Towing systems - get the equalizer. Sounds like it is the bang for the buck. Although I love our Hensley System - your camper and TV are better matched.

As for a bike rack - I use a Yakima roof top system. Safe and secure - but pretty price for 4 bikes vs a hitch type system

My added 2 cents on Durango towing capacity..

Keep in mind that the towing capacity is only 8900lbs IF you have a 3.92 rear axle - and 7400lbs if you have a 3.55 axle (most Durangos come with 3.55's) - This is _completely independent from the fact that you have a "tow package"_. The axle is always stated on the new vehicle sticker and will generally show as a $40.00 option.

The smaller 4.7 V-8 has these capacities 7,400 w/ 3.93 and 5,900 w/ 3.55's. So it does make a difference.

You'll still tow fine with the 3.55's - and you should see a bump in gas mileage over the 3.92 when you are not towing.

Hope this helps!

Brett


----------



## rerhart (Jun 5, 2006)

I am in St. Paul, Minnesota, mostly flat land, about 10 camping trips per year, and possible one trip per year towards mountains, Black Hills, Yellowstone, etc.

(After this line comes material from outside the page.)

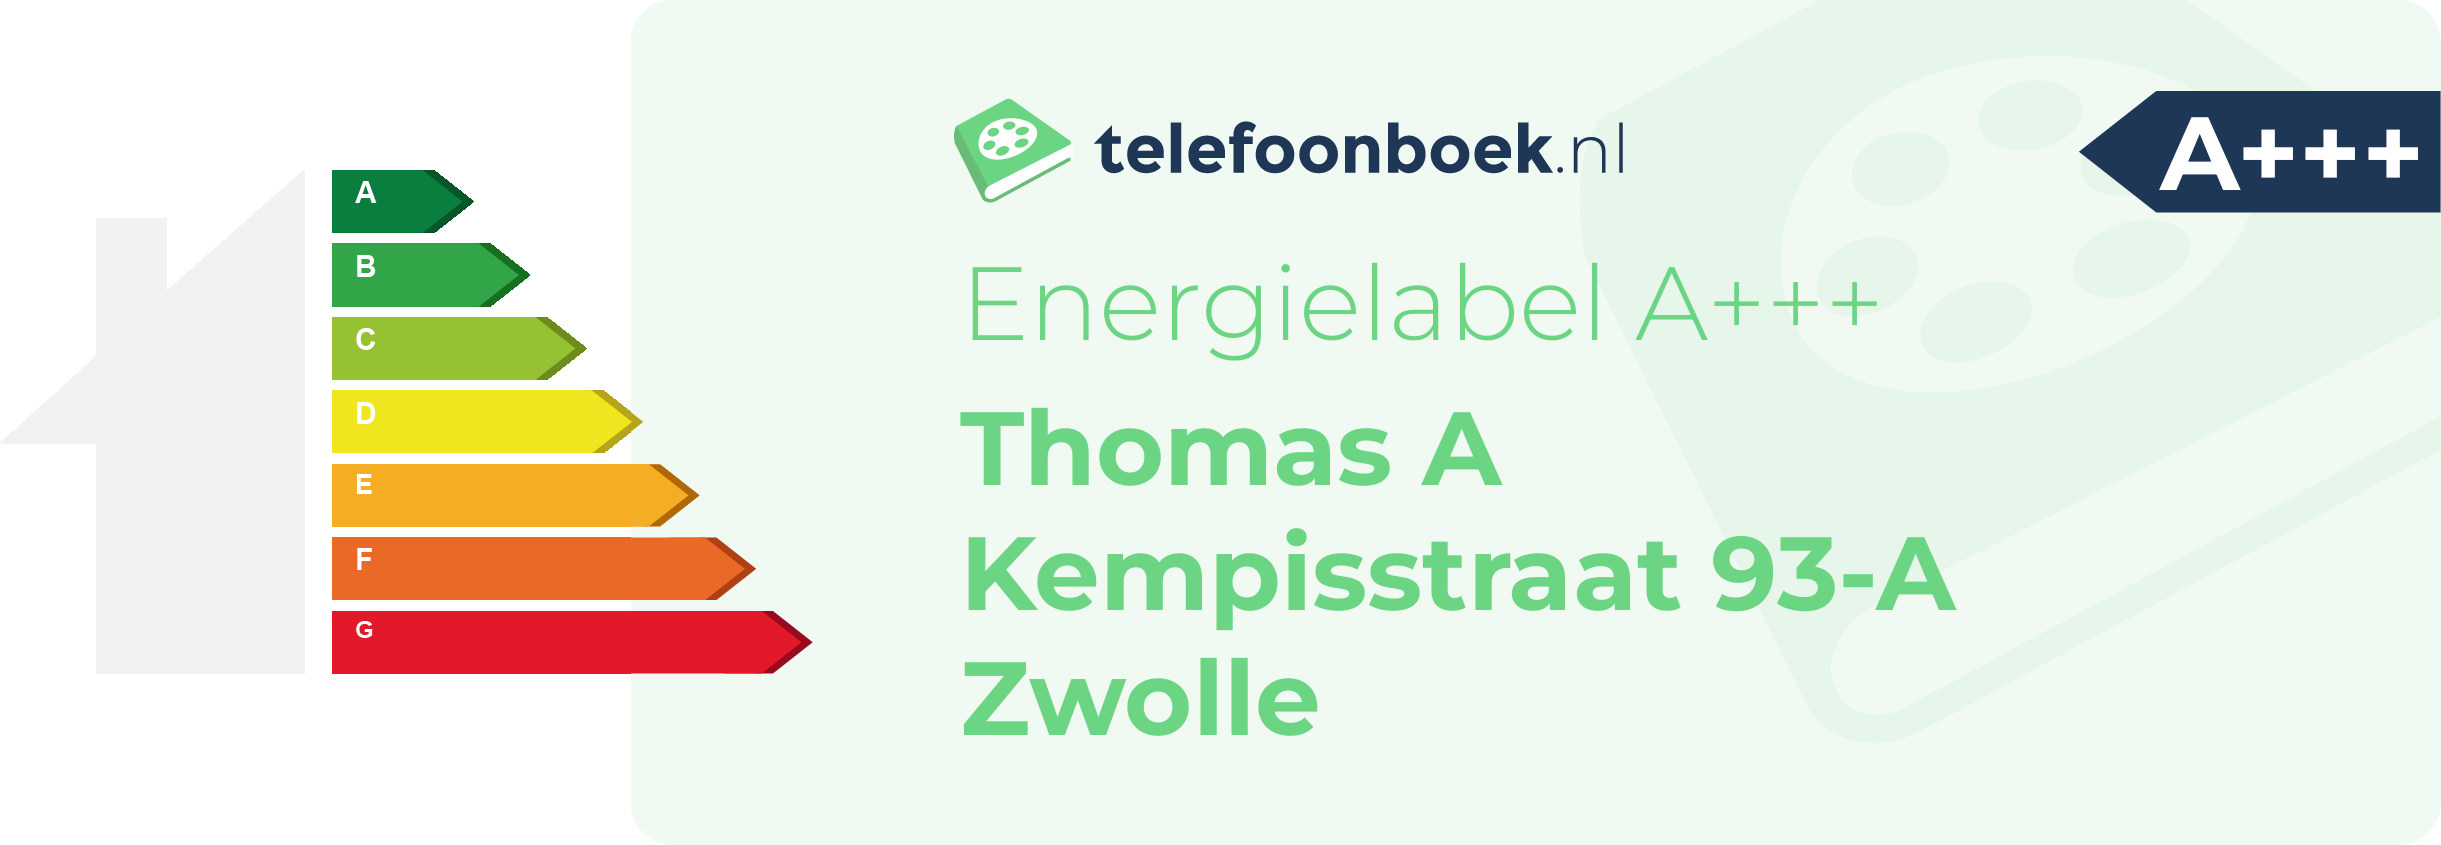 Energielabel Thomas A Kempisstraat 93-A Zwolle

I haven't bought it yet, but I am leaning toward getting it today. I currently have a 2000 Coleman Santa Fe popup. I am hesitant to upgrade, thinking it will be a lot more work and maintenance when I already don't have a lot of extra time, but it sure would seem nice to have that extra security, quient, and not have to dry off the tenting after camping.

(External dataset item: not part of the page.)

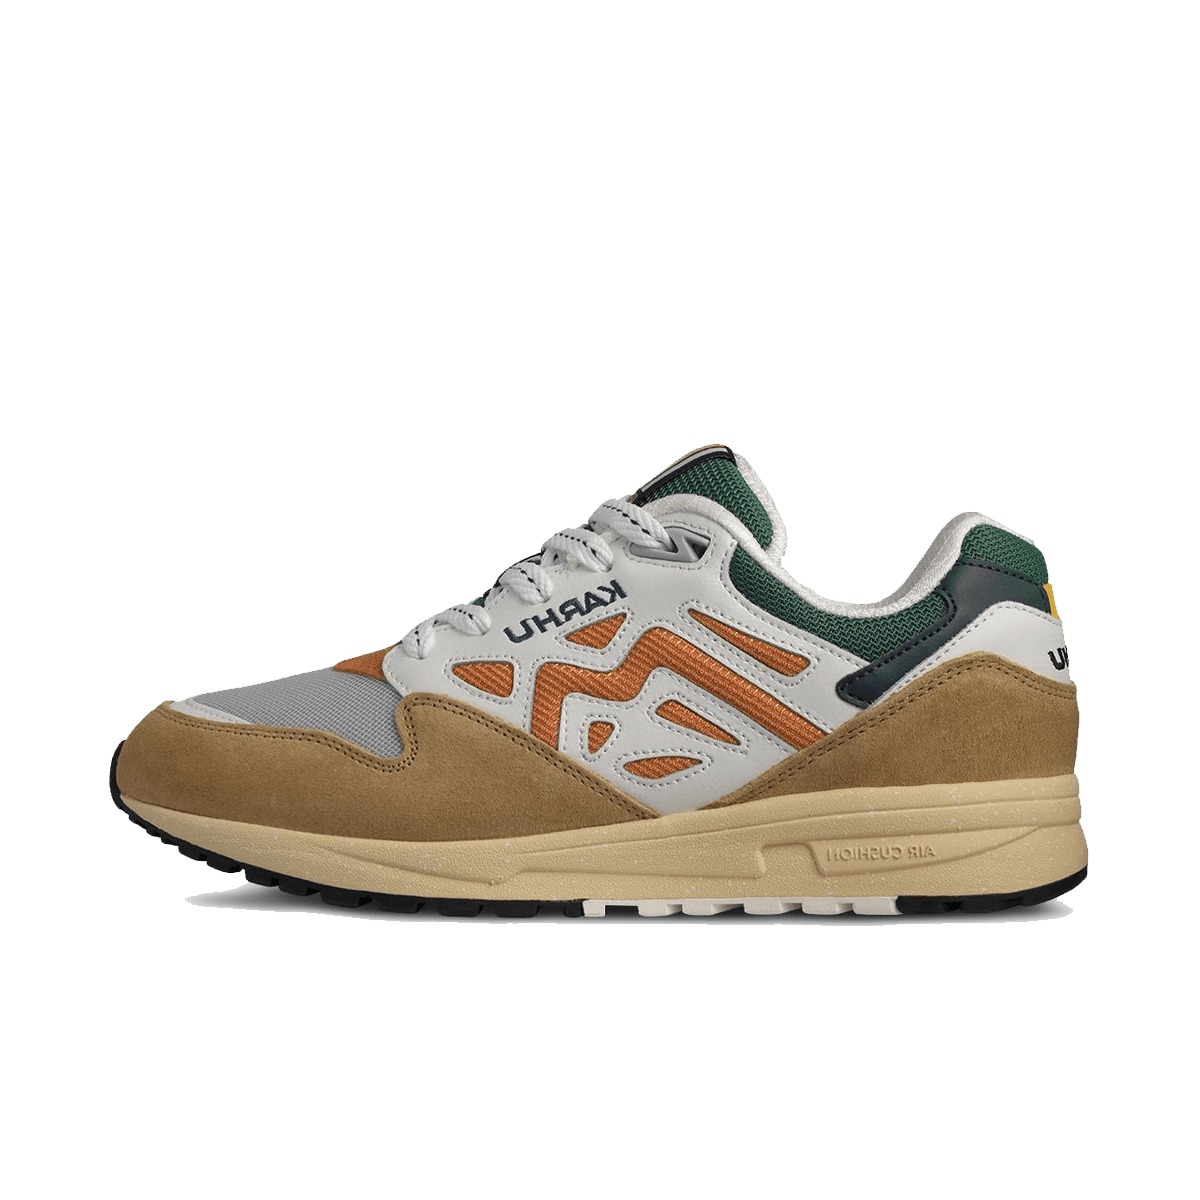 Karhu Legacy 96 'Curry' - The Forest Rules Pack

The dealer recommended a Prodigy (installed for $120) and would not sell the camper to me without a standard Equalizer brand 4 point hitch ($520). The dealer is about 2 hours from my home and not sure if I should drive down to see it first. They sent me pictures and it looks good. I did check out a new 2006 21RS last night at a dealer closer to home (but for $19k). On their lot there was a noticable bubble on the front of the camper byt a light. That dealer said it was normal, or from the sun...really? And the white L shaped door latch was broken off...which looks like a typical problem on the 21RS because of the placement of the awning, but not a deal breaker for me.

The dealer I may buy from said they would weld abike rack to the rear bumper, and then reinforce the bumper to the frame by adding more welds...I don't think I will do that....he said the spare tie is on the back and putting a receiver hitch on the back in the middle would extend out too far. I would probably buy without the bike rack, but would need to come up with a solution for 4 bikes if I don't store them inside....Any suggestions on how to secure bikes on the inside so they don't bounce around and break anything?


----------



## PDX_Doug (Nov 16, 2004)

rerhart,

Sounds like you are heading in the right direction!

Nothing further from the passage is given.